In 1829 Payen began to teach industrial chemistry at the Ecole Centrale des Arts et Manufactures; ten years later he was also appointed to a similar chair at the Conservatoire des Arts et Métiers, although he did not abandon his industrial interests. He wrote a large number of papers, mostly on technological matters of local and temporary concern. The subjects included manures (some in collaboration with Boussingault), sugar refining, rubber and guttapercha, water supply, potato blight, and phylloxera. Such extensive publication would imply some dilution of quality, and Berzelius had an uncharitably low opinion of Payen’s rank as a chemist. “I know the man so well”, Berzelius wrote to Wöhler on 12 January 1847, “that I never rely on him where accuracy is concerned. But when it is matter of writing pamphlet-fodder for the general public, then he is in his element”.

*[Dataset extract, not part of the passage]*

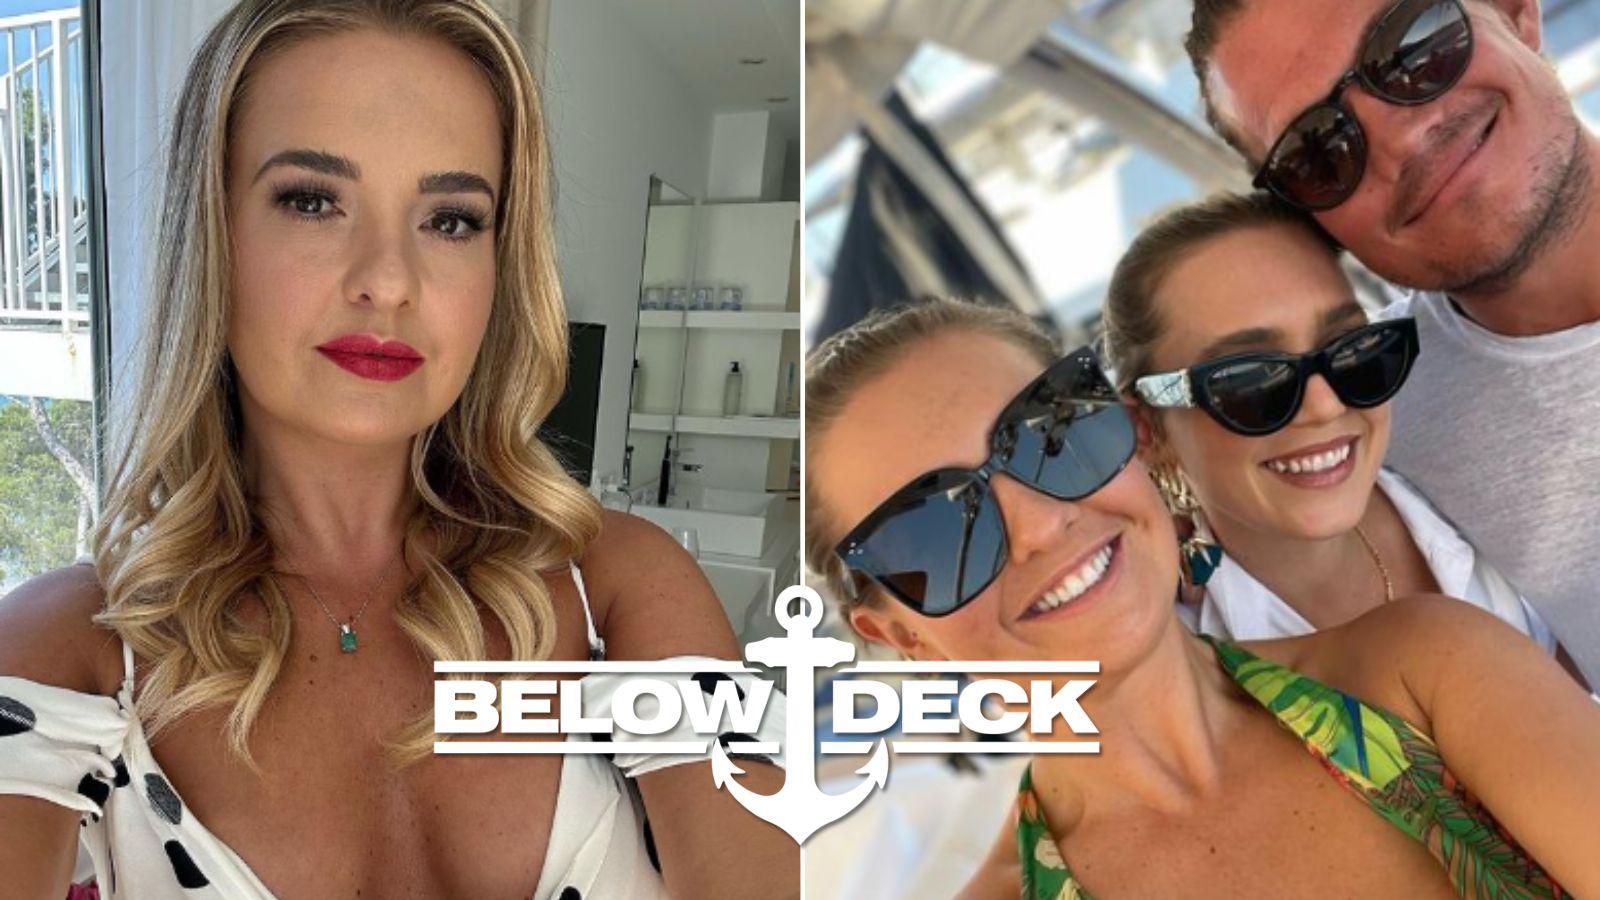 Below Deck Sailing Yacht Season 4 reunion confirmed by cast members

Payen is remembered mainly for his work on carbohydrates, some of it done with Persoz. In 1833 they found that starch was hydrolyze to sugar by a substance contained in malt, which they called diastase, now known to be a mixture of extracellular enzymes. (Their priority in this matter was disputed.) Payen later showed that starch has the same chemical composition, regardless of the species of plant from which it is prepared. In 1838 he distinguished two components in woody tissue, an isomer of starch for which he coined the name cellulose and the “true woody material”, later called lignin; the two could be separated chemically.

Payen spent all his life in the same poor quarter of Paris, much respected by his working-class neighbors. Of his five children only one daughter survived him. He is reputed never to have missed a lecture until, toward the end of 1869, he collapsed in front of his class. Even so, during the siege of Paris he devoted himself to attempts to make various unusual materials edible. He died during the Commune and was given an unpublicized and perfunctory funeral to the distant rattle of musketry.

BIBLIOGRAPHY

I. Original Works. Approximately 200 papers written by Payen or in collaboration with others are listed in the Royal Society Catalogue of Scientific Papers, IV, 783–789; VIII, 574–575; XII, 563. His books, in their various eds., are listed in Bibliothèque Nationale Catalogue general des livres imprimes, CXXXI, cols. 947–964. His most important work is the printed version of his lecture course, Manuel du cours de chimie organique appliquée aux arts industriels et agricoles, J. J. Gatnier, ed., 2 vols. (Paris, 1842–1843).

II. Secondary Literature. The most informative obituary of Payen is by J.-A. Barral, in Mémoires publies par la Société centrale d’agriculture de France (1873), 67–87. A. Girard, in Annales du Conservatoire des arts et metieers, 9 (1870) [sic], 317–331, admits to knowing little of Payen’s private life and confines himself to an account of his work. An anonymous notice in Revue scientifique, 8 (1871), 94–96, is more than a list of some of Payen’s papers with brief comments.